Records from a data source
────────────────────

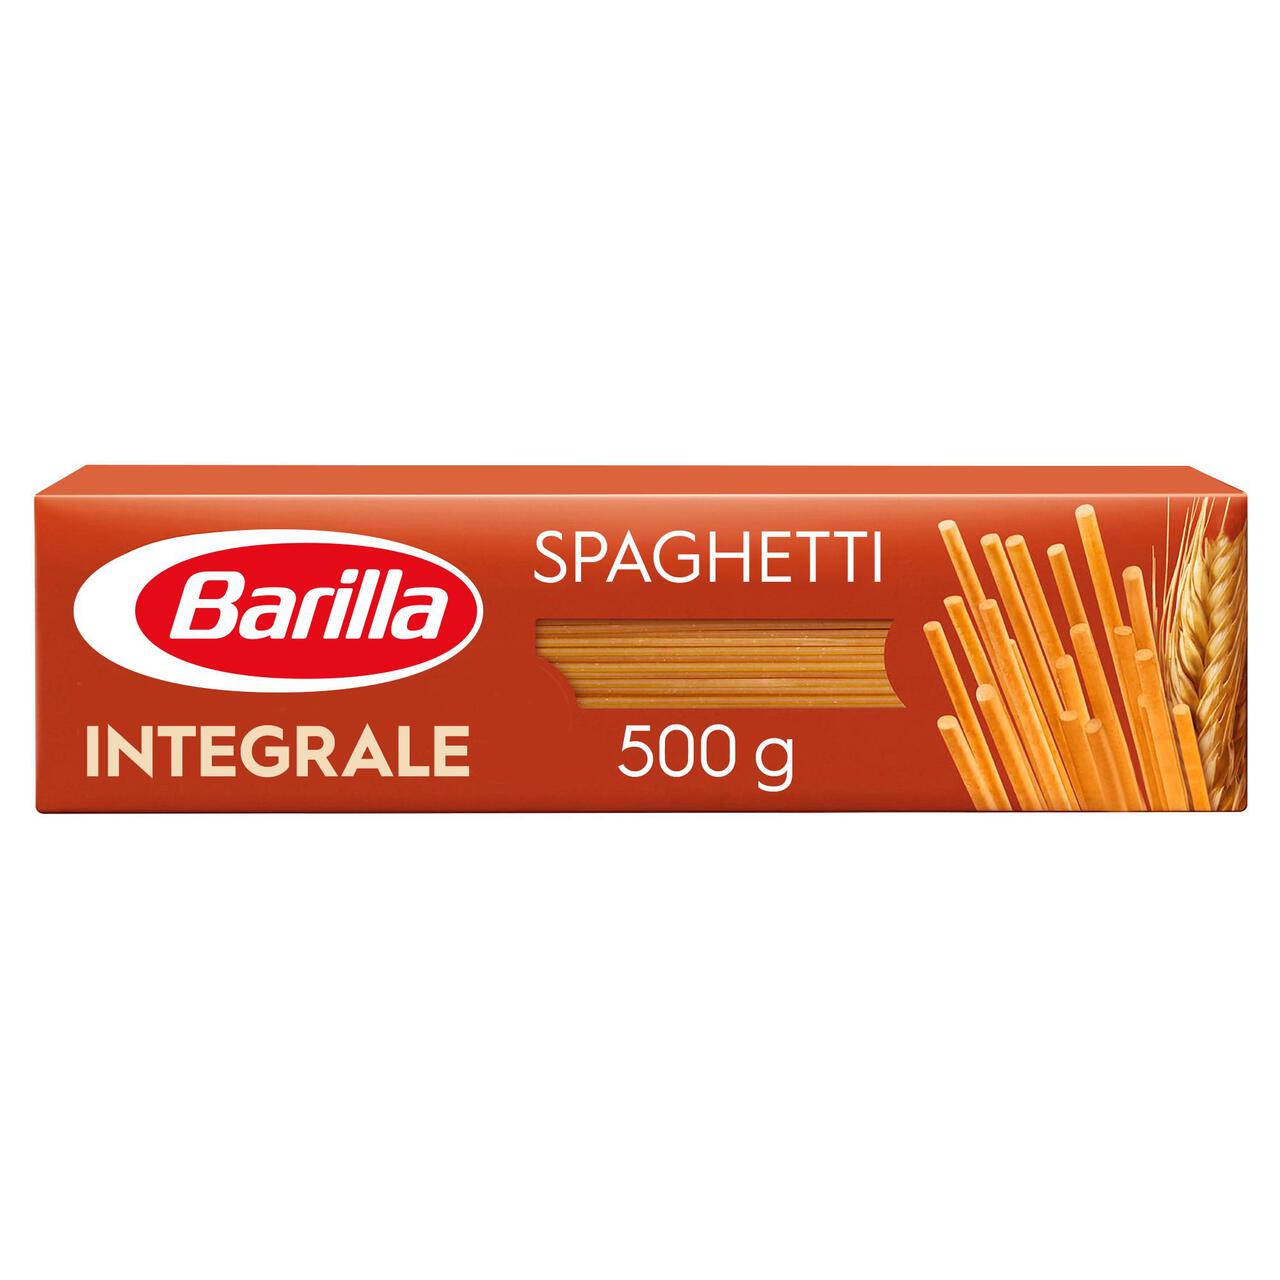 Barilla Whole Wheat Pasta Spaghetti Wholegrain Pasta 500g
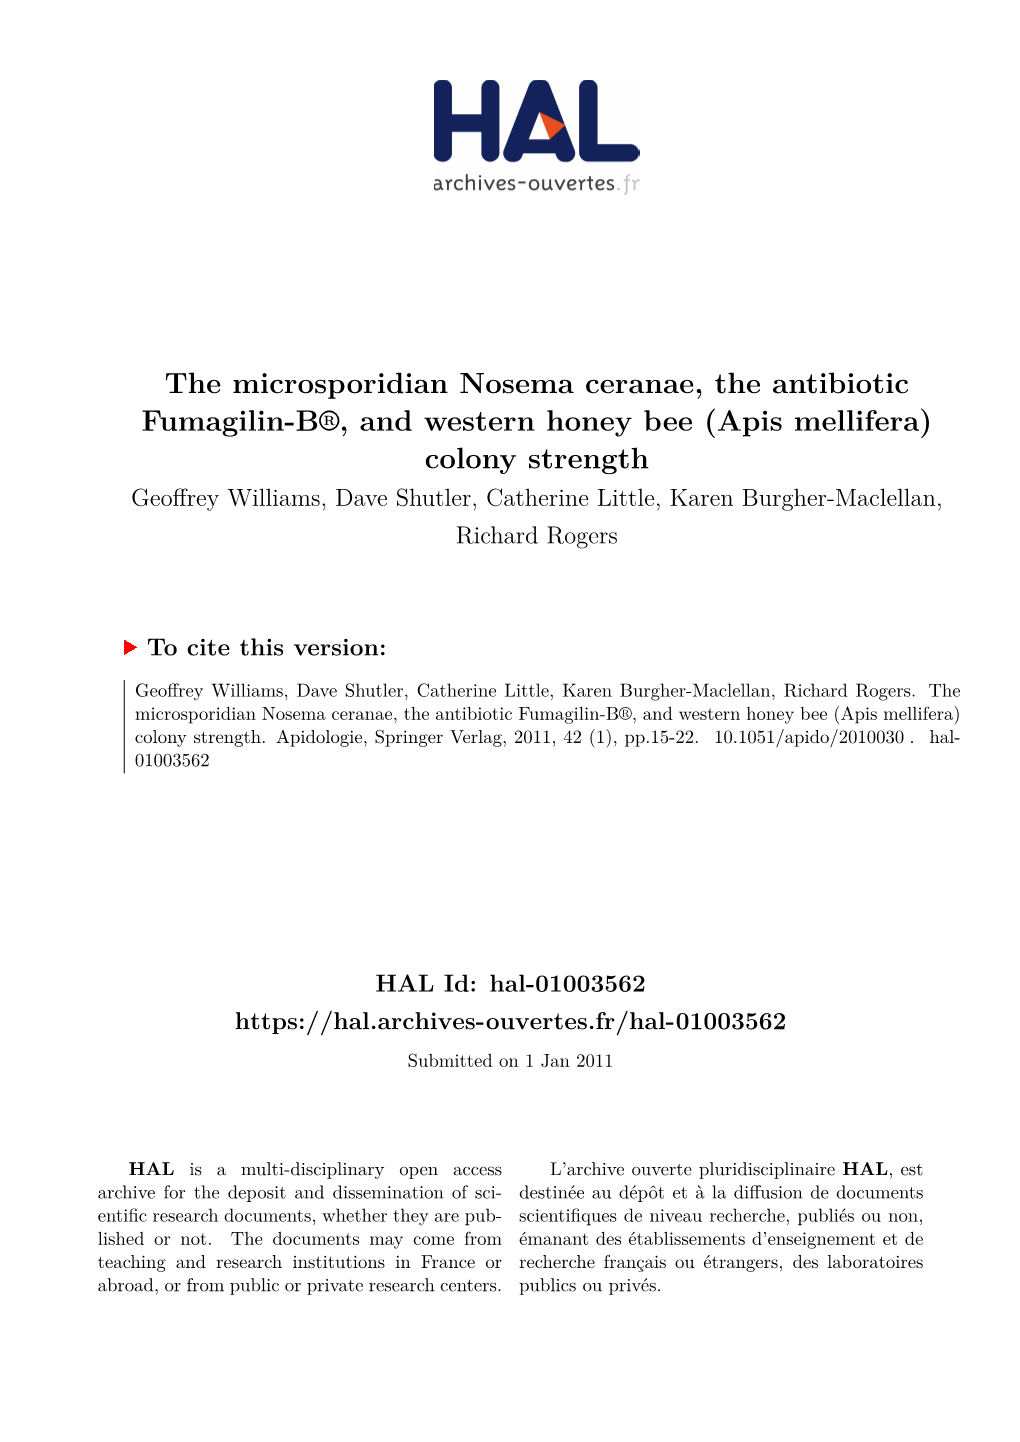 The Microsporidian Nosema Ceranae, the Antibiotic
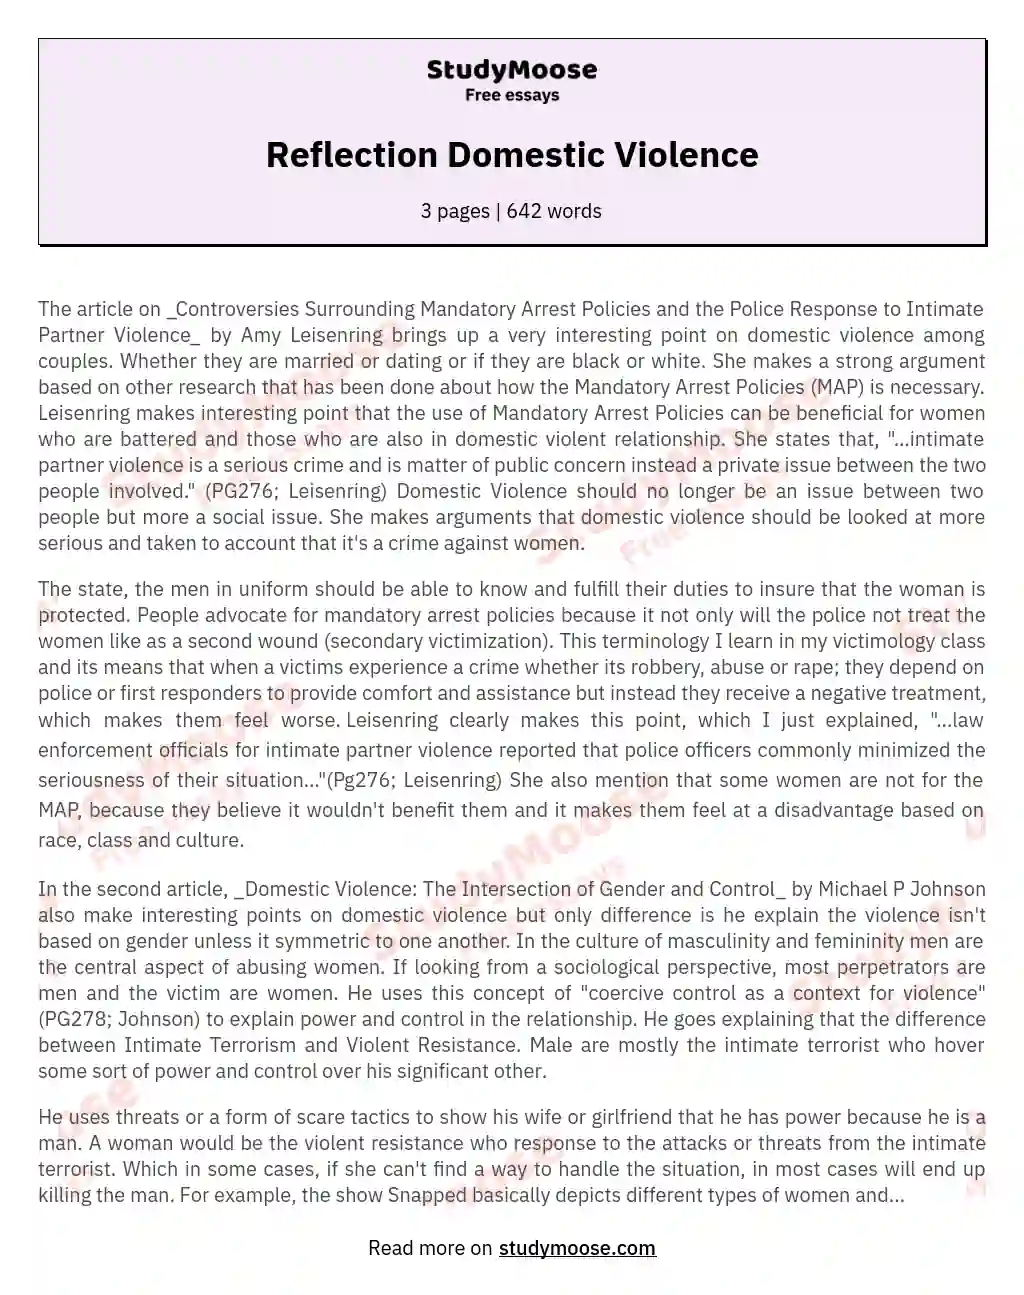 essay outline on domestic violence
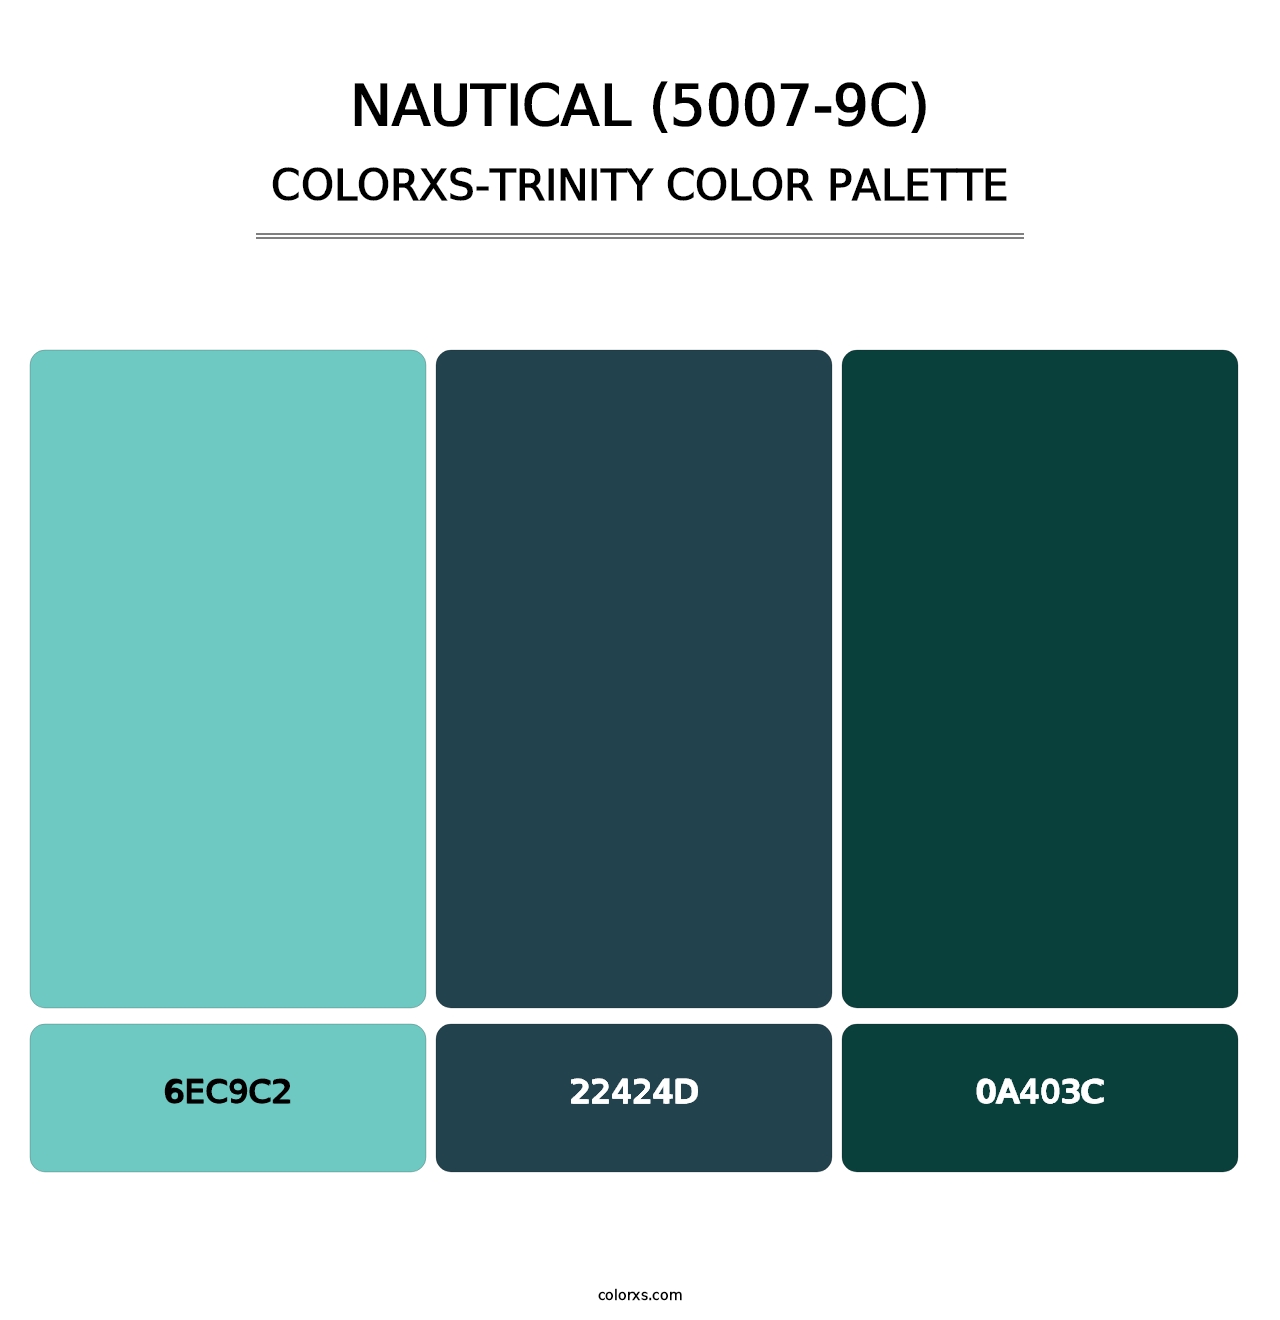 Nautical (5007-9C) - Colorxs Trinity Palette
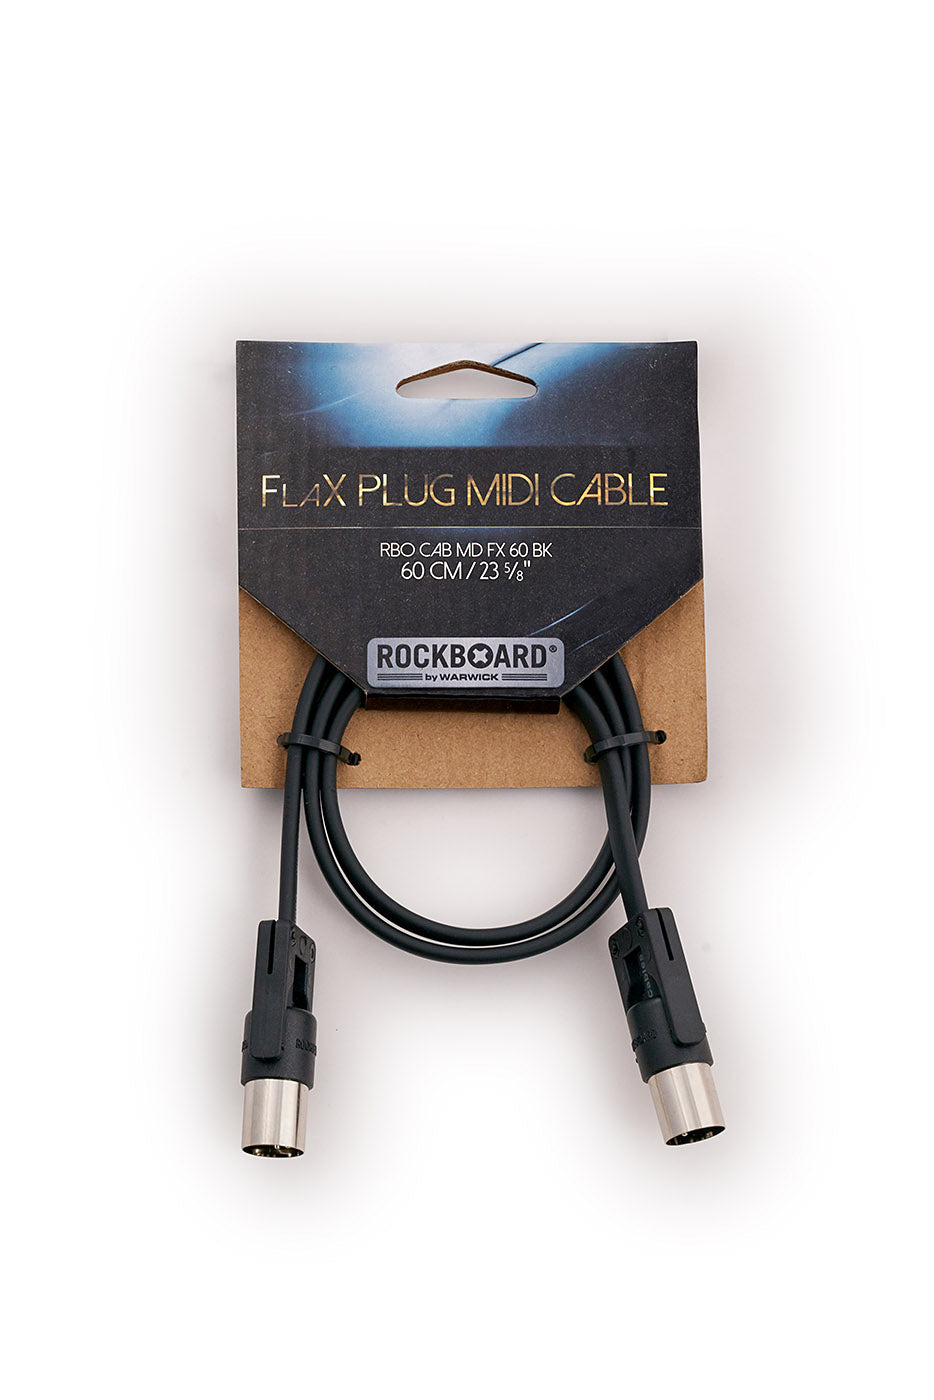 RockBoard FlaX Plug MIDI Cable, 60 cm / 23 5/8

────────────────────

- Task objective:
Exclude the pictures and write out exactly the lines from the one holding "essay outline on domestic violence" through the end of the entries, inclusive, and only those.

- Written response:
 essay outline on domestic violence
 Nautical (5007-9C) - Colorxs Trinity Palette
 RockBoard FlaX Plug MIDI Cable, 60 cm / 23 5/8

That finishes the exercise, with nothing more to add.